Он полагал, что до тех пор, пока действовал запрет, американцы будут мириться с «ротгутом» из сомнительных источников. Но после отмены запрета он полагал, что вкусы потребителей потребуют полностью выдержанного и созревшего виски и что американцы охотно заплатят за него. Исходя из этой теории, Бронфман начал выдерживать огромные запасы виски на своих канадских складах. Конечно, это была авантюра, и риск был немалый. Это означало, что его спиртные напитки не будут продаваться на оживленном и жаждущем рынке, а акционерам Seagram's придется затянуть пояса в этот неопределенный период. Предчувствие г-на Сэма могло оказаться ошибочным. Вкусы американцев могли настолько испортиться за почти пятнадцать лет действия сухого закона, что рядовому потребителю уже было все равно, что находится в его бокале. Но мистер Сэм, как обычно, был уверен, что не ошибся. И в результате, когда продажа спиртных напитков в США вновь стала легальной, компания Seagram's получила в свое распоряжение самый большой в мире запас полностью выдержанного ржаного виски и бурбона.
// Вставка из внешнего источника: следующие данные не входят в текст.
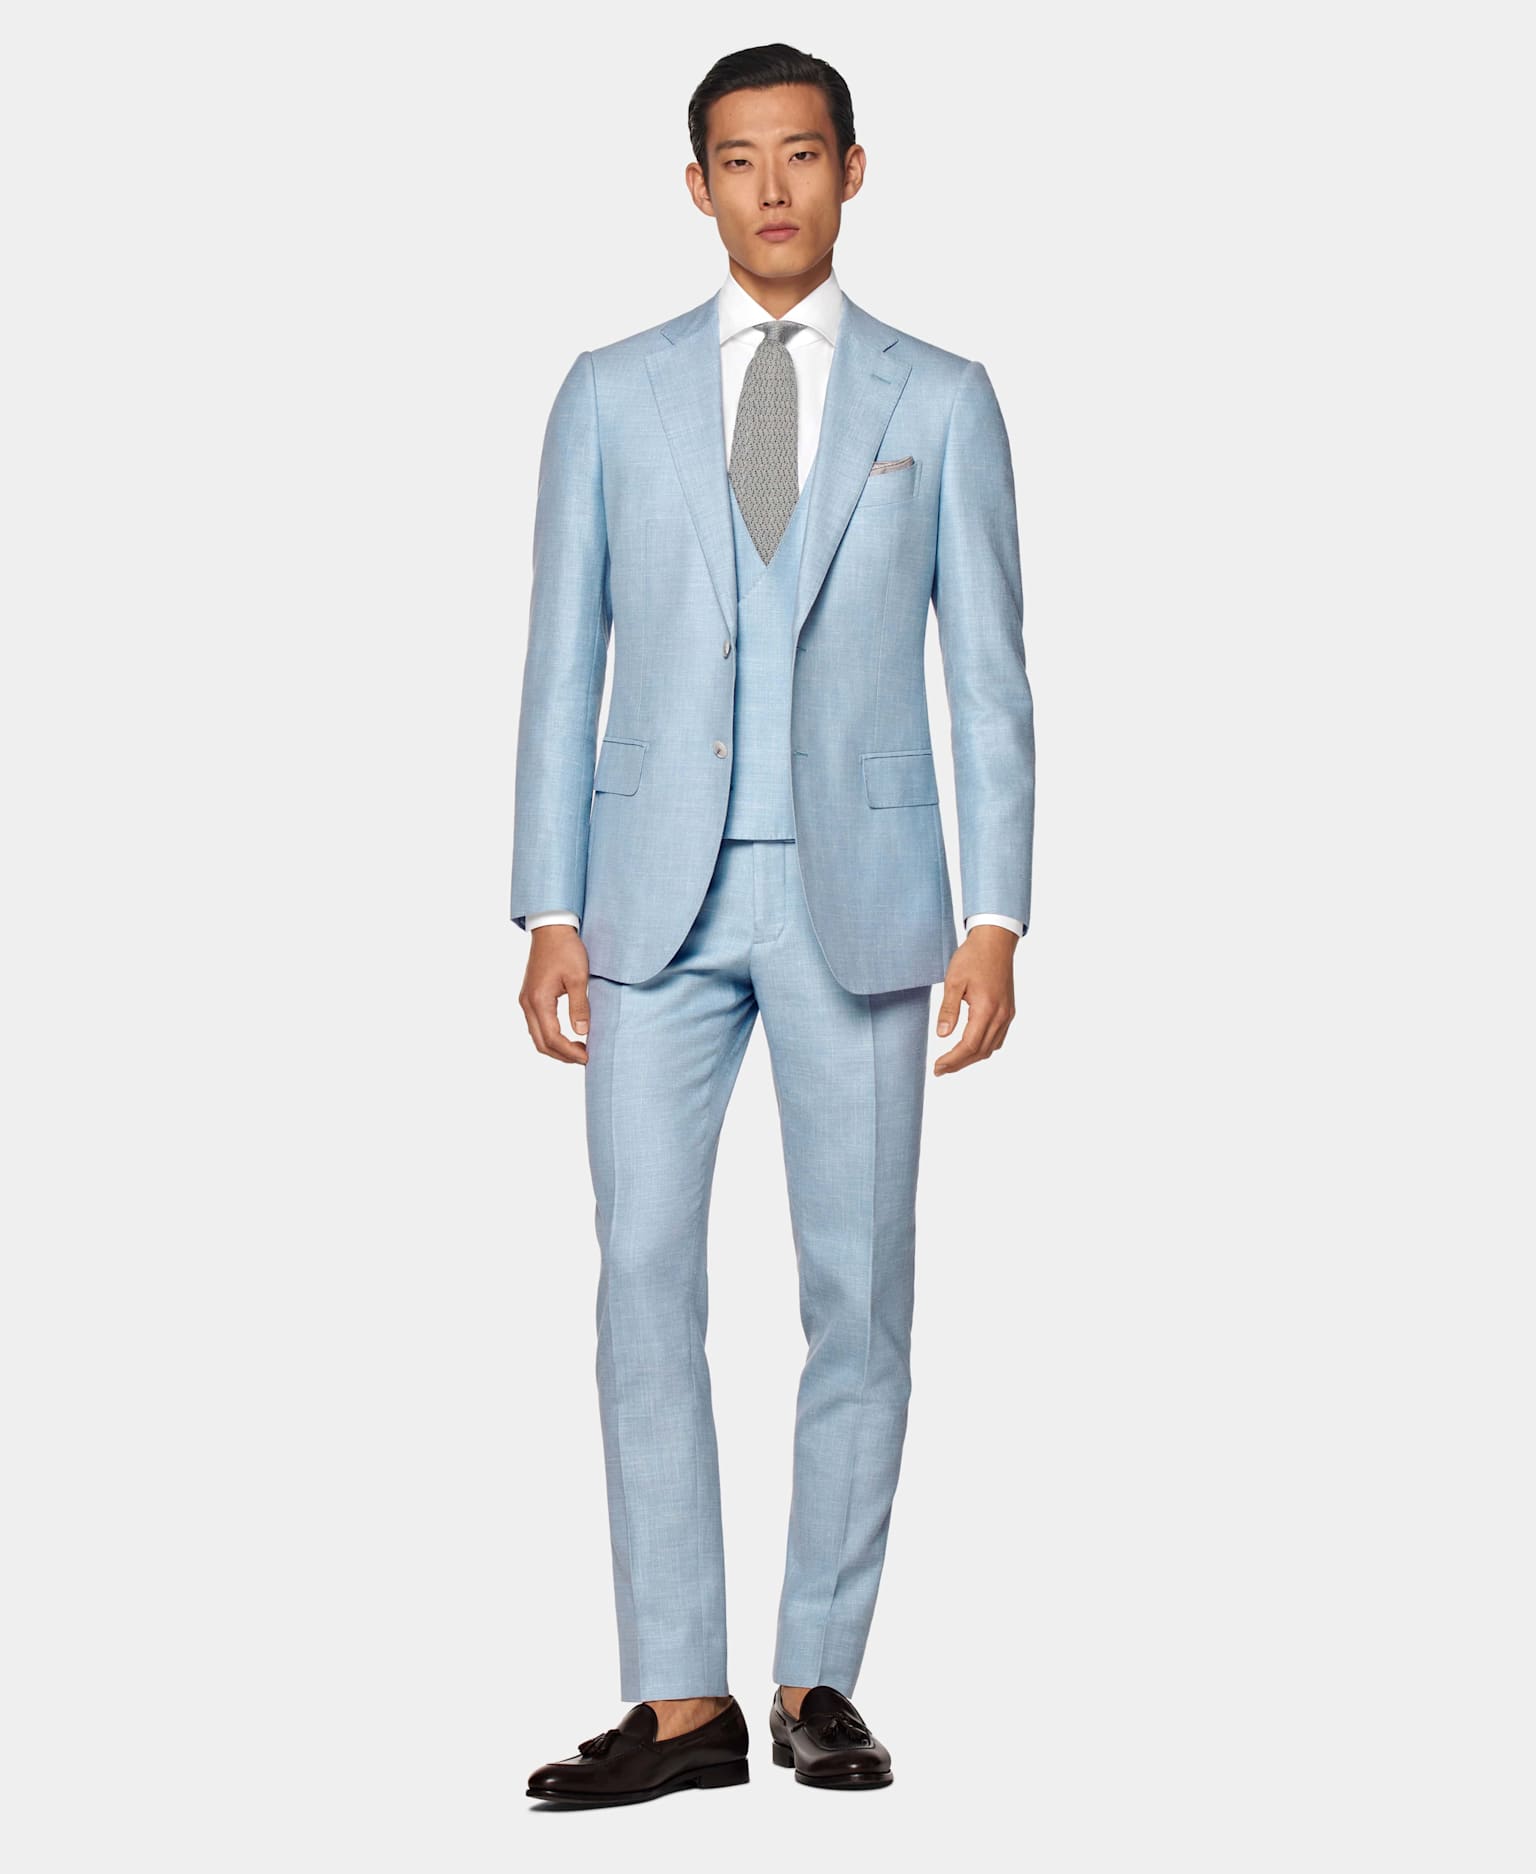 Hellblauer dreiteiliger Anzug, kombiniert mit weißem Hemd und grauer Krawatte aus Seidenstrick.

Тем временем были предприняты и другие подготовительные шаги. Были арендованы офисные помещения в новом престижном нью-йоркском здании Chrysler Building, на тот момент самом высоком небоскребе в мире. Узнав, что винокурня «Rossville Union Distillery» в Лоренсбурге, штат Индиана, выставлена на продажу, г-н Сэм приобрел ее за 2 399 000 долларов наличными. А в 1930 г. он привлек к сотрудничеству молодого шотландца Калмана Левина и присвоил ему старосветский титул, который Бронфман никогда ранее не использовал в своей компании, — мастер-блендер.
Калман Левин родился в России в 1884 году и в раннем возрасте вместе с семьей эмигрировал в Шотландию. Он был мягко воспитан, хорошо говорил с британским акцентом, которым восхищался мистер Сэм, и по его поведению можно было предположить, что он скорее университетский дон, чем эксперт по виски. Действительно, Левин долгое время занимался научным изучением спиртных напитков — не только их физических характеристик, таких как вкус, аромат, цвет, текстура и «ощущение», но и почти духовных ассоциаций, связанных с определенными вкусами, поскольку, в конечном счете, обоняние и осязание блендера основаны больше на интуиции, чем на чем-либо еще. Левин вырос в виски-бизнесе. Вместе со своим шурином он работал блендером в компании Ambassador Scotch, а некоторое время управлял собственной небольшой винокурней в Глазго под названием Calman Levine and Company, которая производила элегантный шотландский виски под названием Loch-broom. В качестве мастера купажа Lochbroom, — большинство шотландских виски являются купажами, — Левину приходилось ежедневно пробовать и выплевывать буквально тысячи различных комбинаций из огромной библиотеки маленьких бутылочек, прежде чем он приходил к формулам, которые, по его интуитивному мнению, были удовлетворительными. Мистер Сэм часто говорил об «искусстве» смешивания, но на самом деле знал о нем очень мало. Теперь Калману Левину предстояло стать его художником-резидентом. Он был представлен сотрудникам Seagram как приз корпоративного шоу-бизнеса, и, конечно же, выглядел соответствующим образом — джентльмен и ученый, занимающийся торговлей спиртными напитками в Северной Америке, зачастую смертельно опасной. Его назначение было в некотором смысле двойным. Его присутствие и титул должны были использоваться для обеспечения престижа и блеска имени Seagram, когда оно впервые респектабельно дебютирует на американском рынке. А в процессе работы ему предстояло создать флагманский бленд, который с гордостью понесет знамя Seagram по Соединенным Штатам.